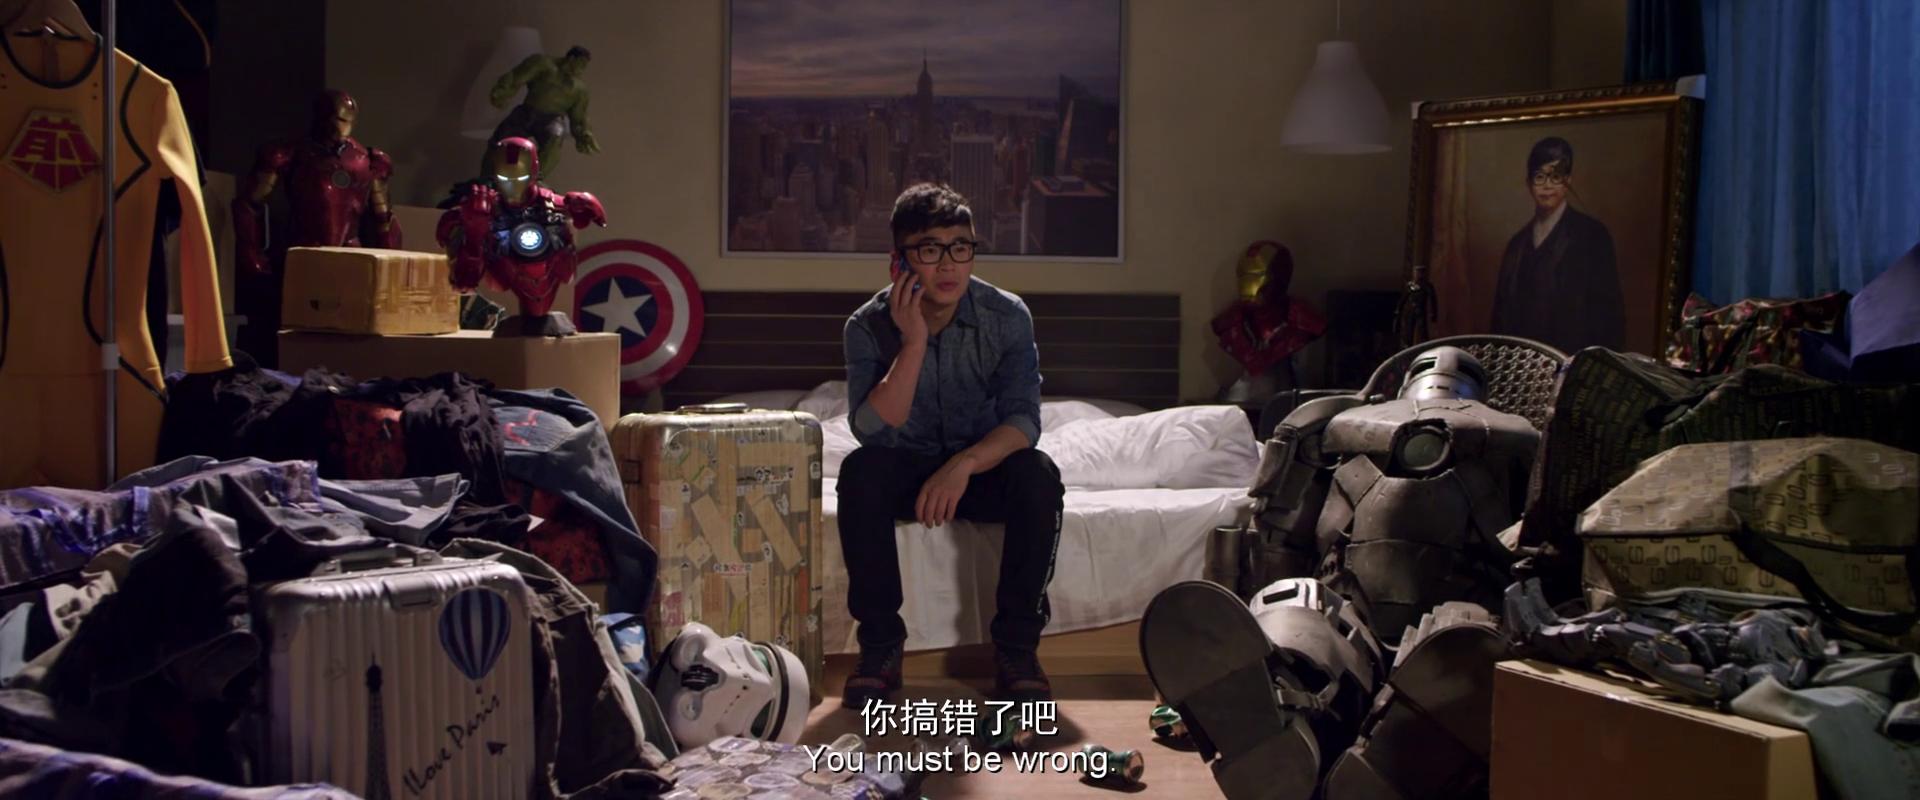 Кадр из фильма Человек-блин / Jian Bing Man (2015)
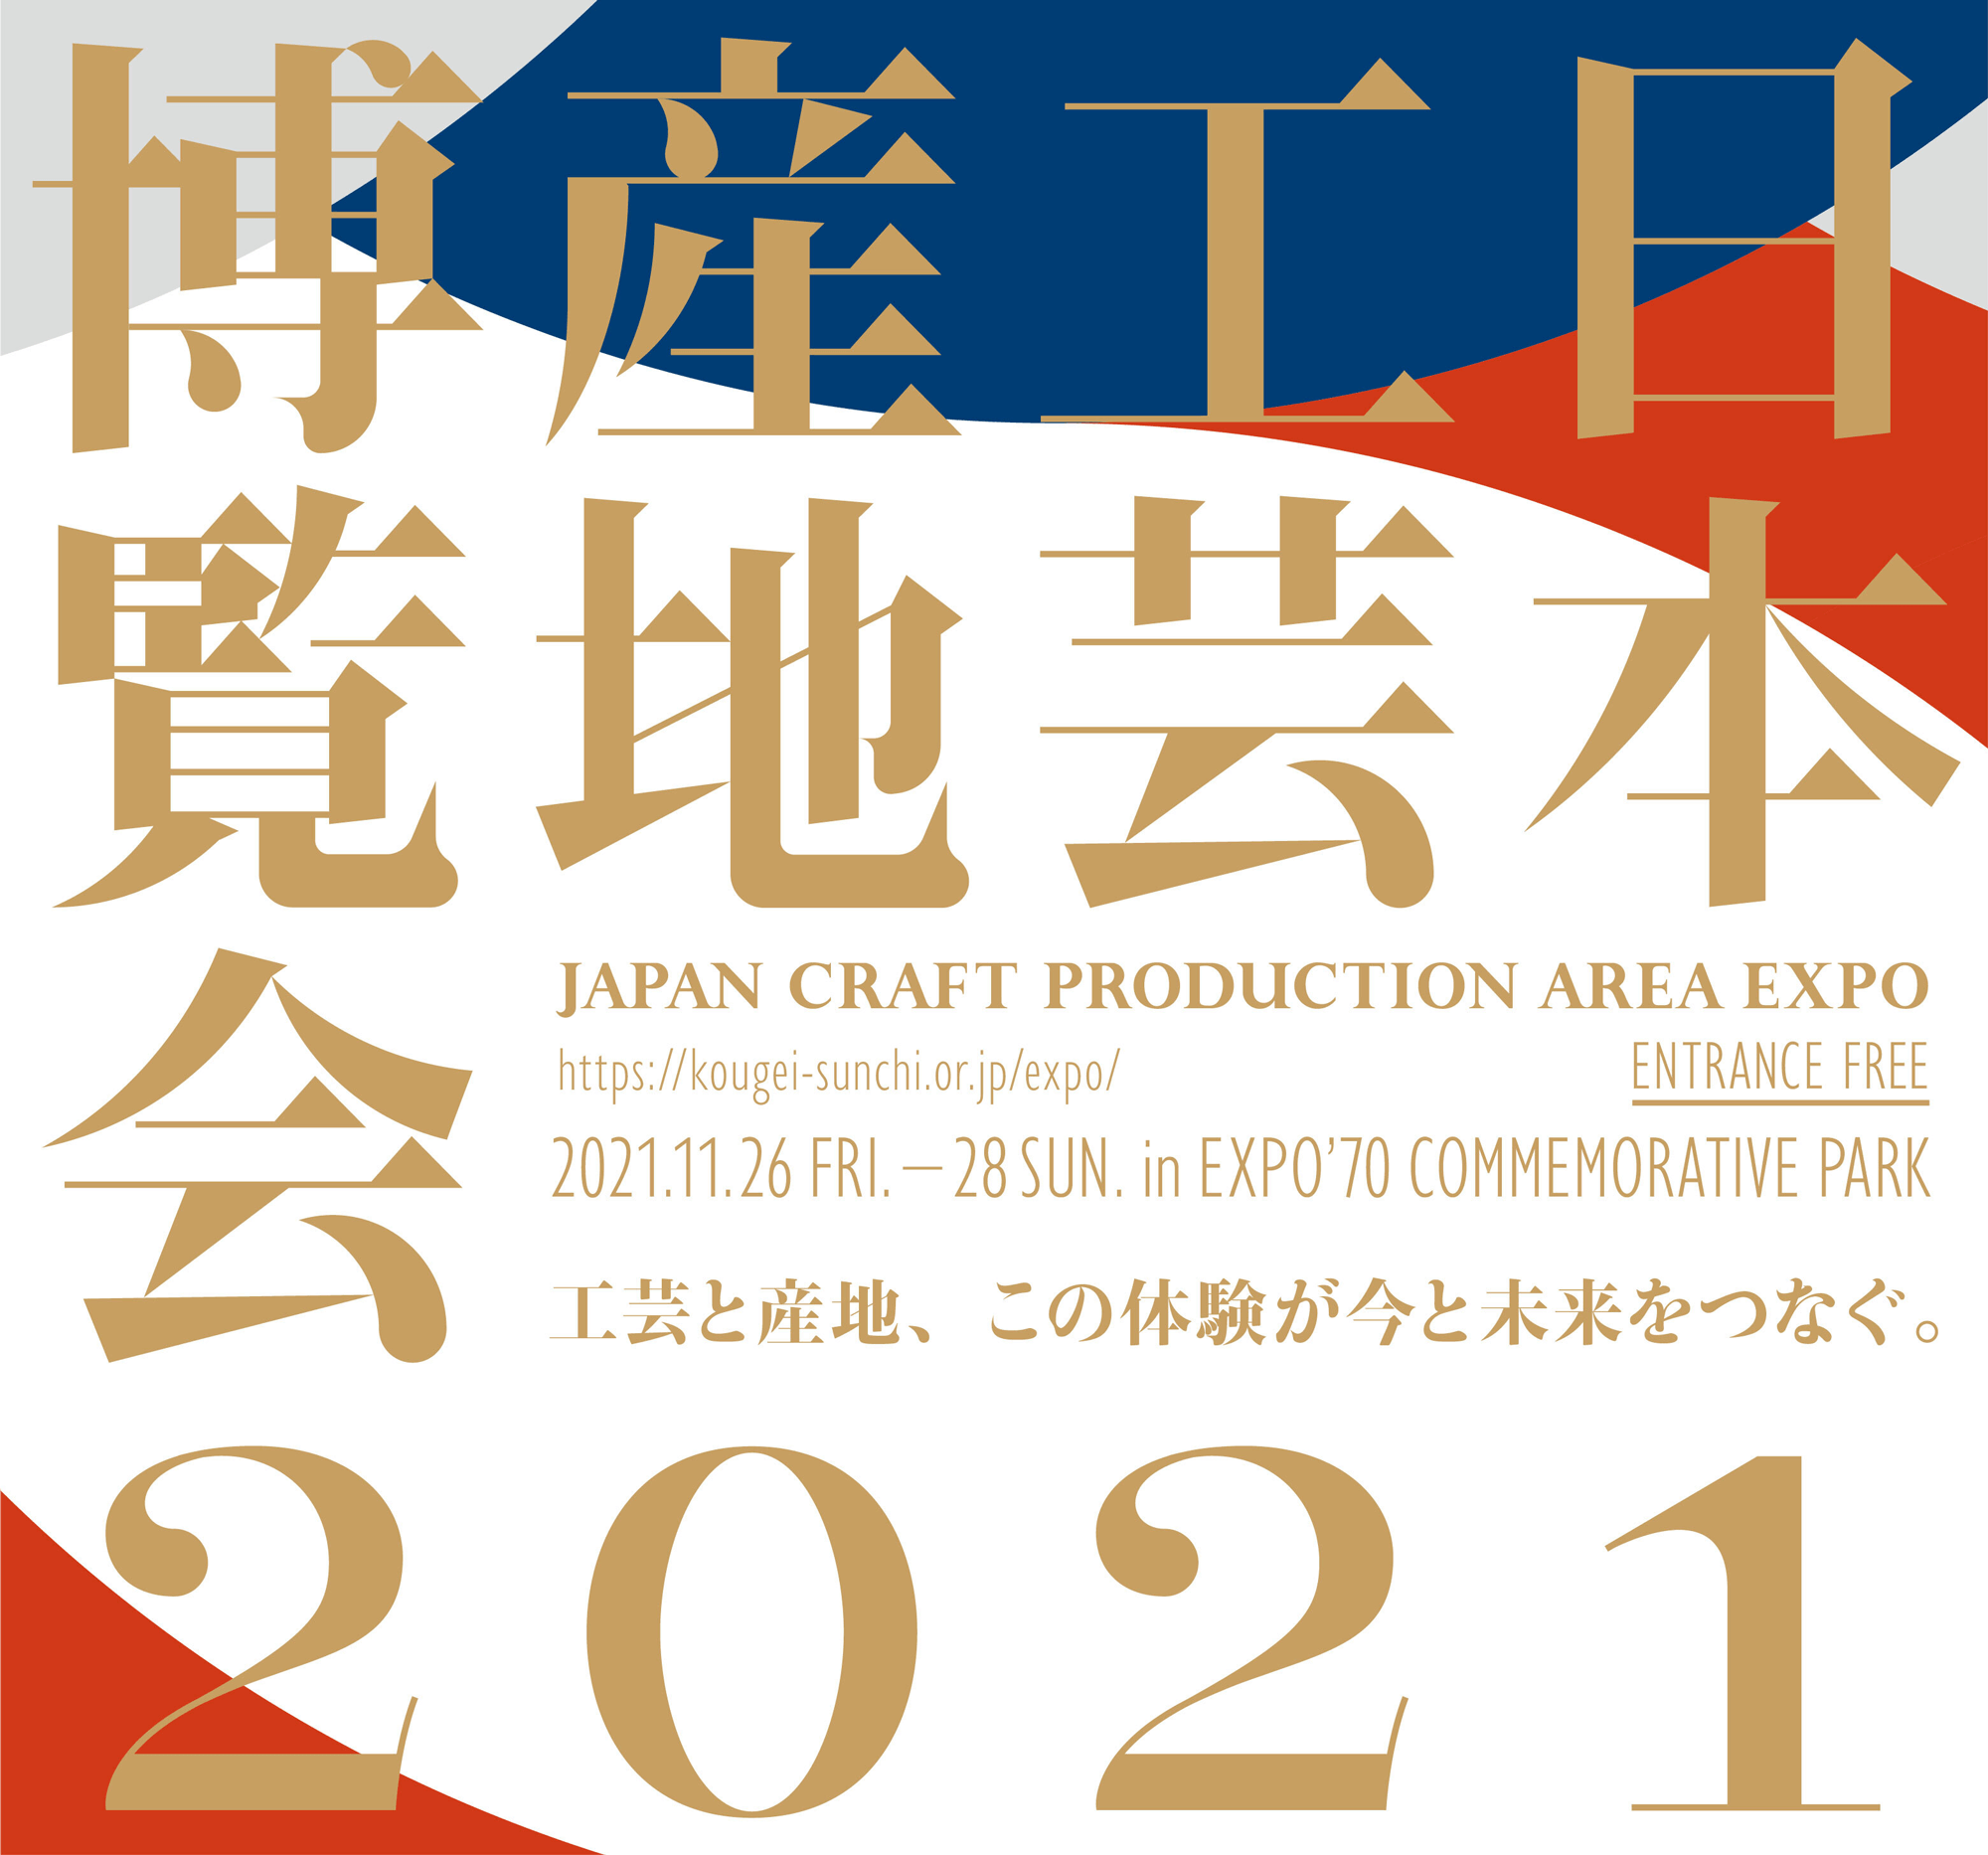 日本工芸産地博覧会 JAPAN CRAFT PRODUCTION AREA EXPO
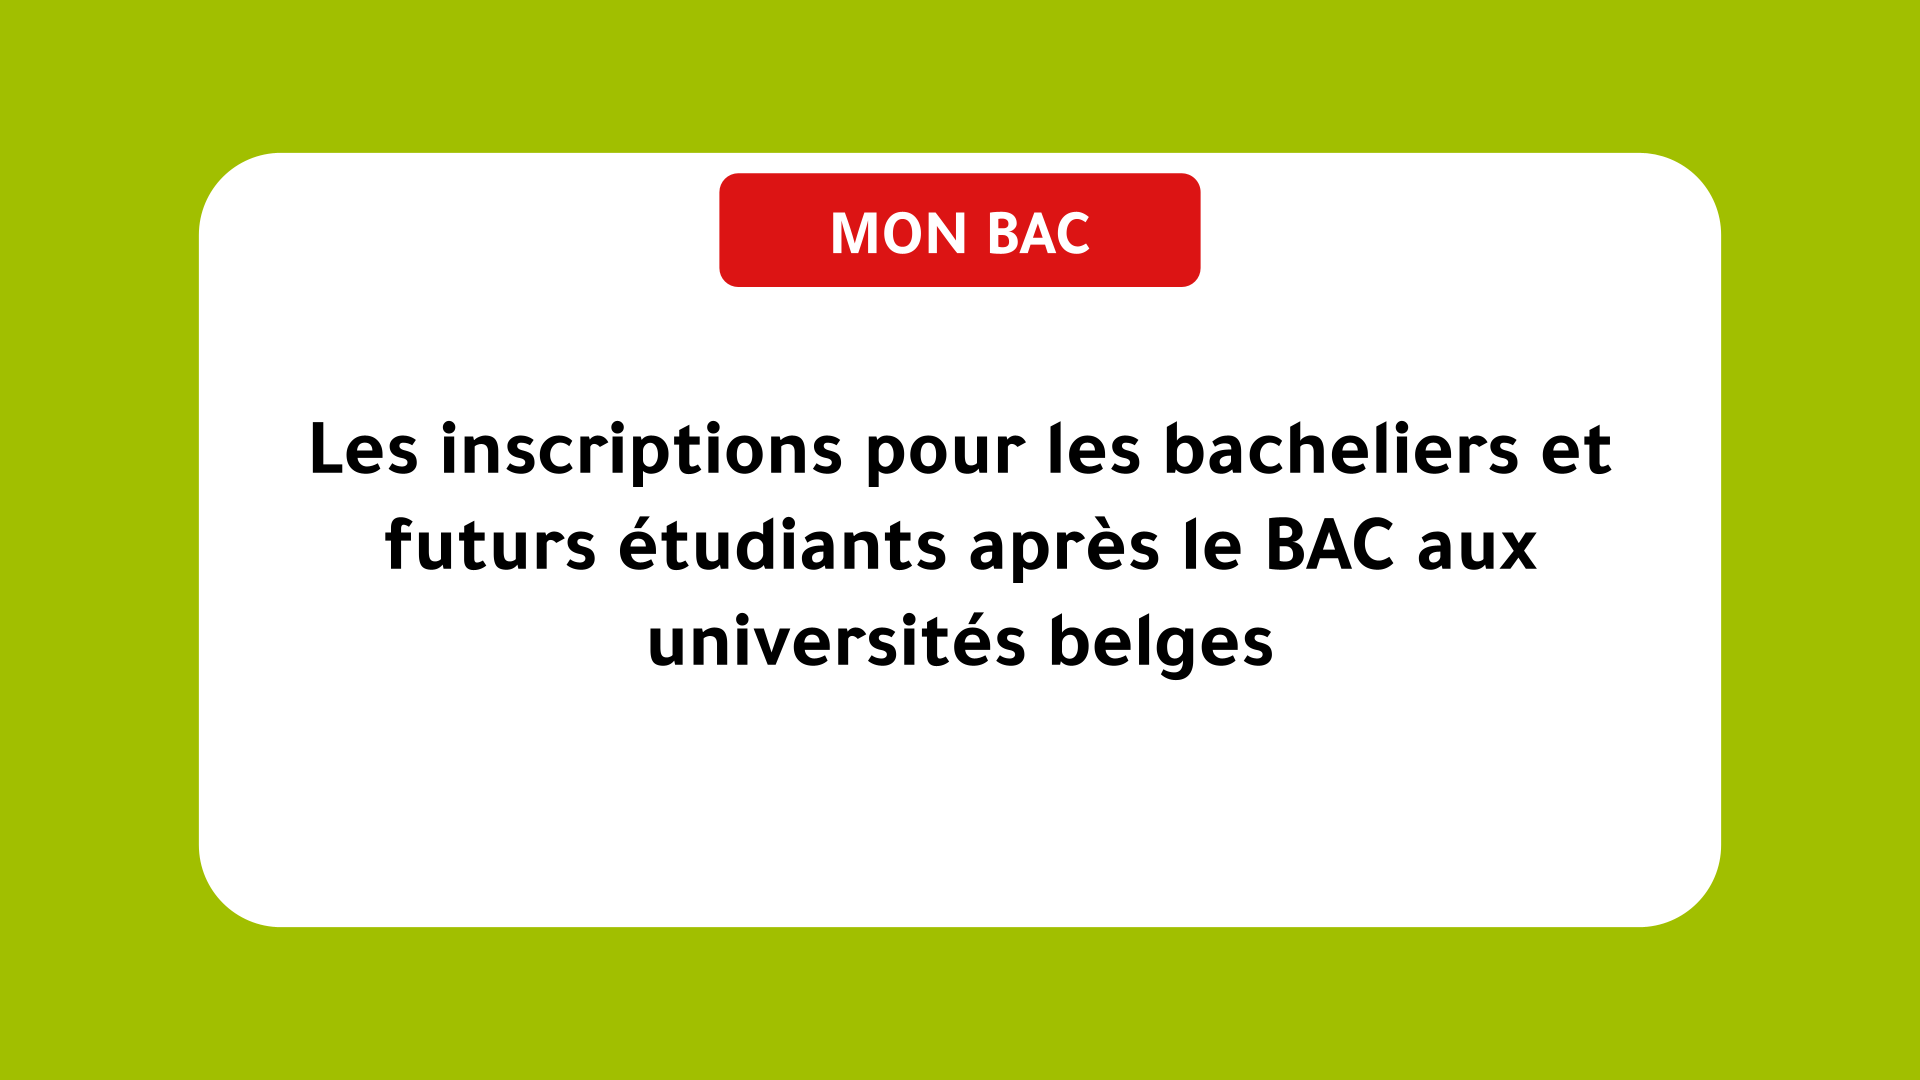 Les inscriptions pour les bacheliers et futurs étudiants après le BAC aux universités belges
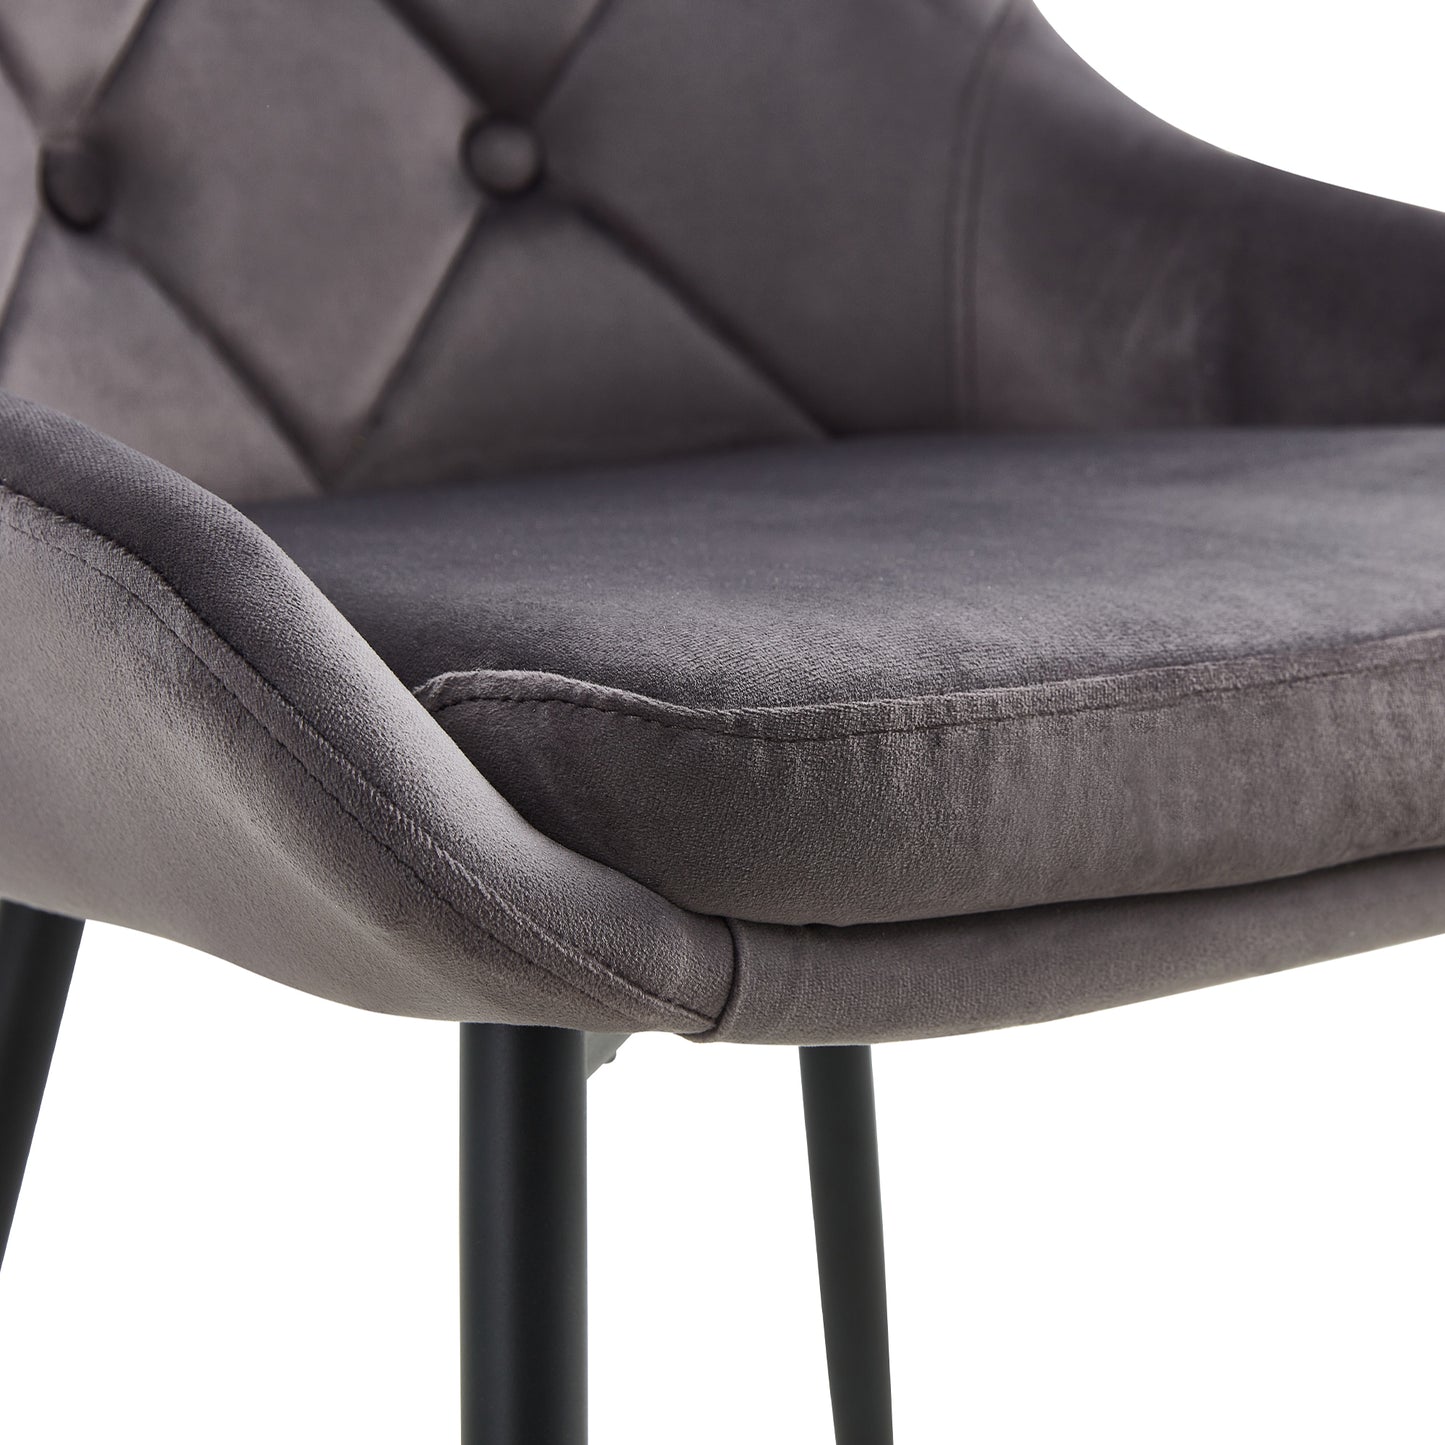 Calitil Modern Gray Velvet Dining Chairs(set of 2)

What you will do: Word for word, restate each line above, minus its pictures.

Result of this exercise:
 Кадр из фильма Человек-блин / Jian Bing Man (2015)
 日本工芸産地博覧会 JAPAN CRAFT PRODUCTION AREA EXPO
 Les inscriptions pour les bacheliers et futurs étudiants après le BAC aux universités belges
 Calitil Modern Gray Velvet Dining Chairs(set of 2)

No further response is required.